Producing content material for Huge Open On-line Course (MOOC) platforms like Coursera and EdX could be academically rewarding (and doubtlessly profitable), however it’s time-consuming — notably the place movies are concerned. Producing professional-level lecture clips requires not solely working a veritable studio’s value of apparatus, however devoting important assets to transferring, modifying, and importing footage of every lesson.
That’s why analysis scientists at Udacity, an internet studying platform with over 100,000 programs, are investigating a machine studying framework that robotically generates lecture movies from audio narration alone.

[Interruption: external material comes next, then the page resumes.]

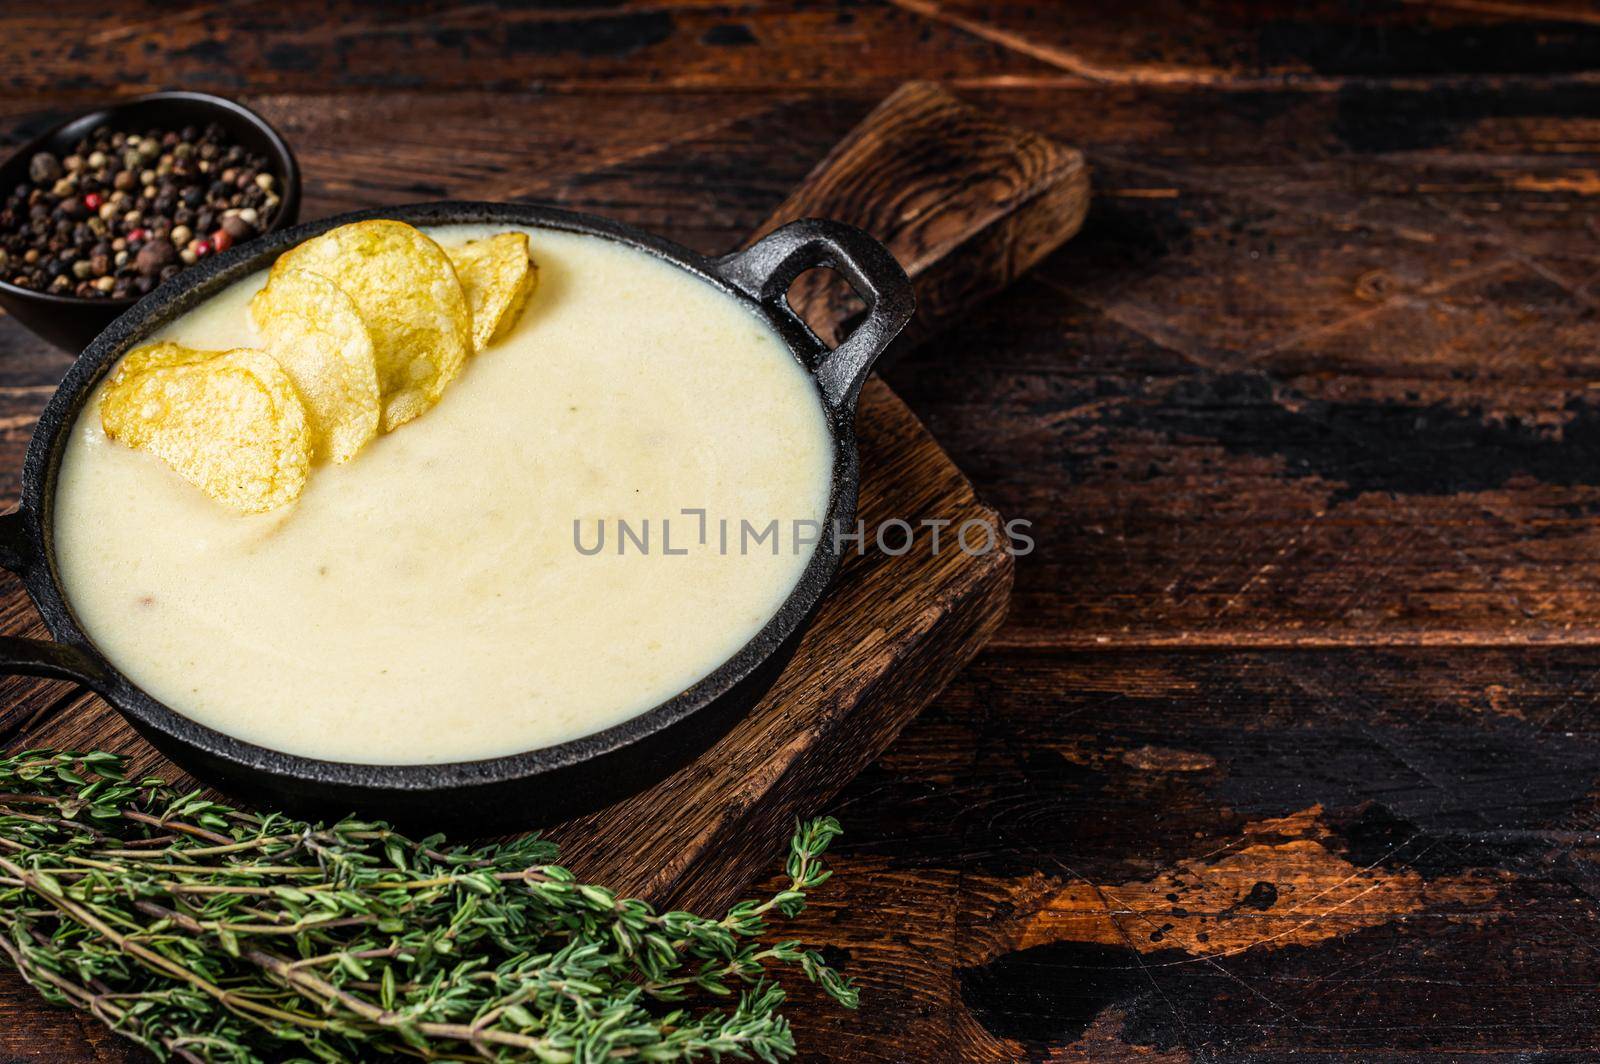 Potato cream soup with potato chips in pan on wooden board. Dark wooden background. Top view. Copy space.

They declare in a preprint paper (“LumièreNet: Lecture Video Synthesis from Audio“) on Arxiv.org that their AI system — LumièreNet — can synthesize footage of any size by straight mapping between audio and corresponding visuals.

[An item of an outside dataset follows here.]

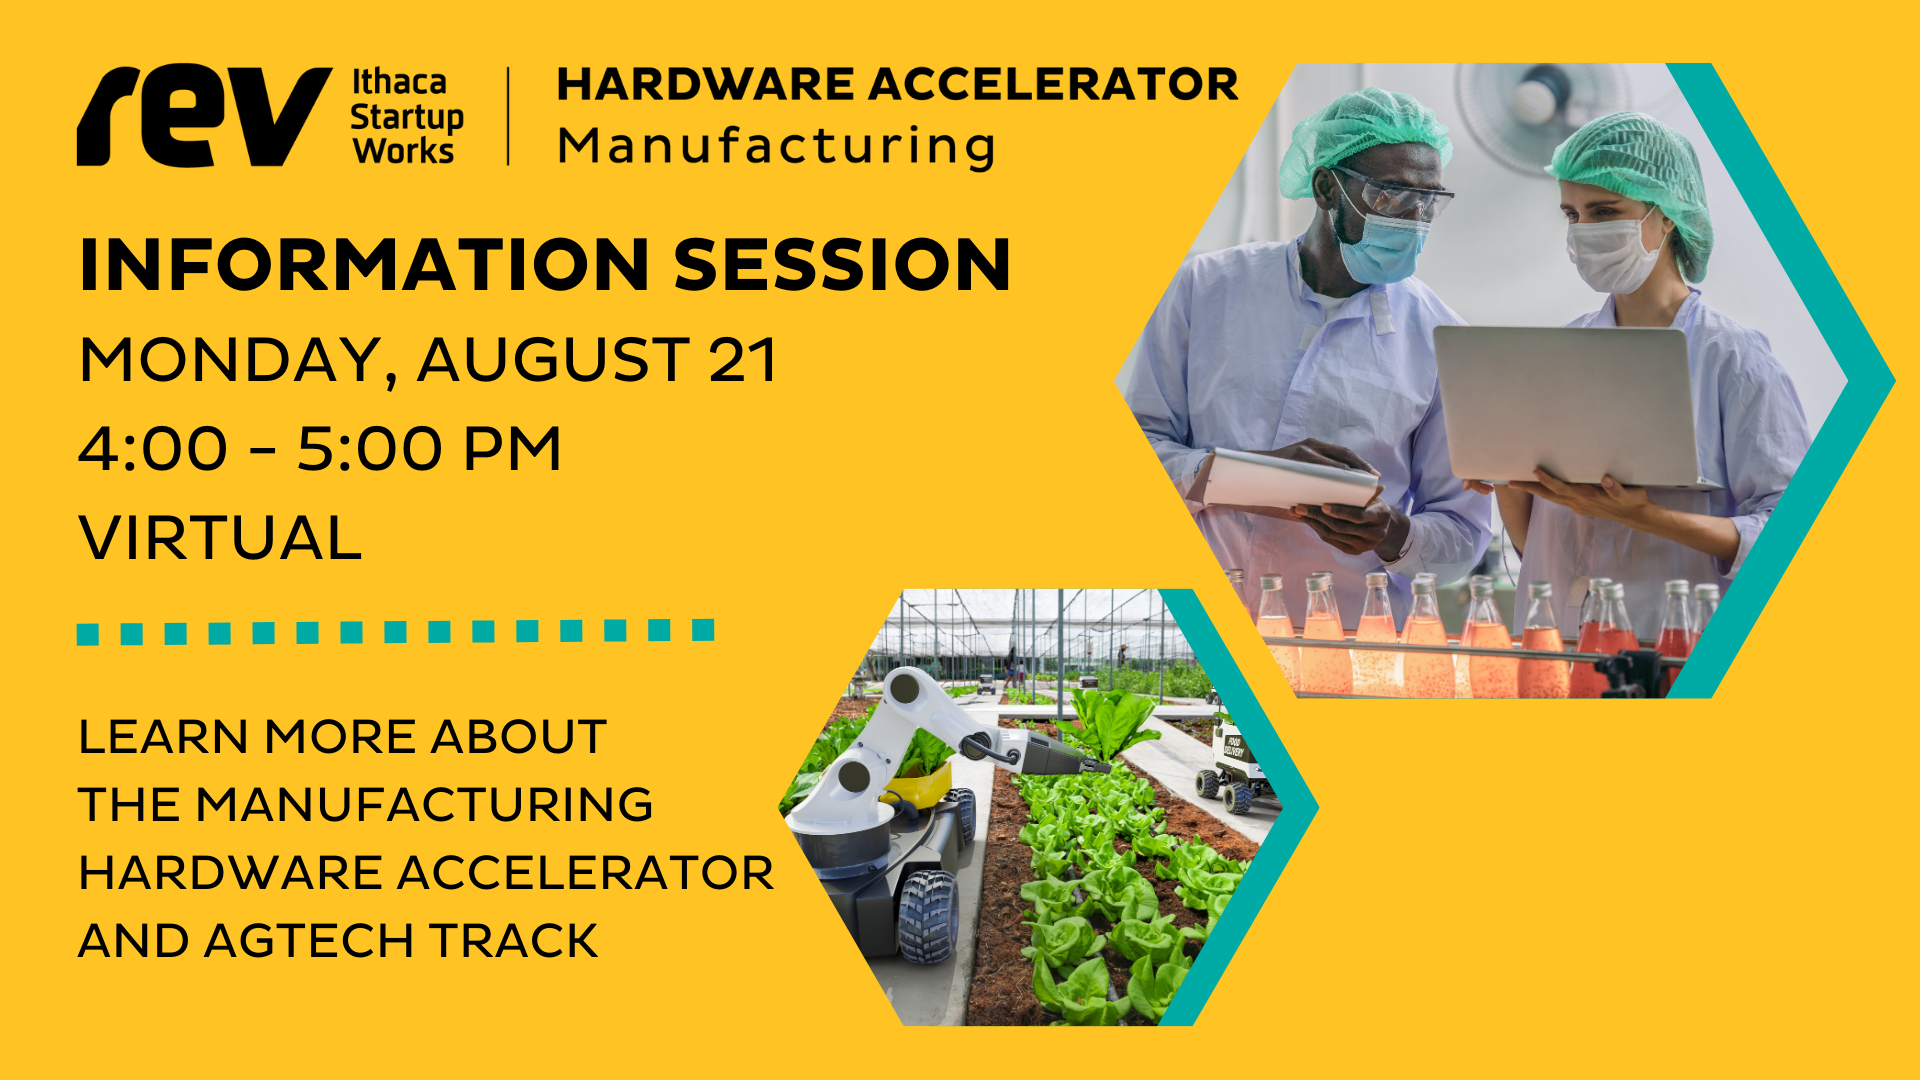 Graphic for August 21st Rev Manufacturing Hardware Accelerator Information Session.

“In present video manufacturing pipeline, an AI equipment which semi (or absolutely) automates lecture video manufacturing at scale could be extremely beneficial to allow agile video content material improvement (fairly than re-shooting every new video),” wrote the paper’s coauthors. “To [this] finish, we suggest a brand new methodology to synthesize lecture movies from any size of audio narration: … A easy, modular, and absolutely neural network-based [AI] which produces an teacher’s full pose lecture video given the audio narration enter, which has not been addressed earlier than from deep studying perspective so far as we all know.”
The researchers’ mannequin has a pose estimation element that synthesizes physique determine photographs from video frames extracted from a coaching knowledge set, mainly by detecting and localizing main physique factors to create detailed surface-based human physique representations. A second module within the mannequin — a bidirectional recurrent long-short time period reminiscence (BLSTM) community, which processes knowledge so as (ahead and backward_ so that every output displays the inputs and outputs that precede it — takes as enter audio options and makes an attempt to suss out the connection between them and visible parts.
To check LumièreNet, the researchers filmed an teacher’s lecture video for round eight hours at Udacity’s in-house studio, which yielded roughly 4 hours of video and two narrations for coaching and validation. They report that the educated AI system produces “convincing” clips with clean physique gestures and sensible hair, however that its creations (two of that are right here and right here) seemingly gained’t idiot most observers. As a result of the pose estimator can’t seize high quality particulars like eye movement, lips, hair, and clothes, synthesized lecturers hardly ever blink and transfer their mouths unnaturally. Worse, their eyes generally look in several instructions and their fingers alway seem oddly blurry.
The workforce posits that the addition of “face keypoints” (i.e., high quality particulars) may result in higher synthesis, although, they usually word that thankfully, their system’s modular design permits every element to be educated and improved independently,
“[There are] many future instructions are possible to discover,” wrote the researchers. “Though our strategy is developed with major intents to help agile video content material improvement which is essential in present on-line MOOC programs, we acknowledge there may very well be potential misuse of the applied sciences … We hope that our outcomes will catalyze new developments of deep studying applied sciences for industrial video content material manufacturing.”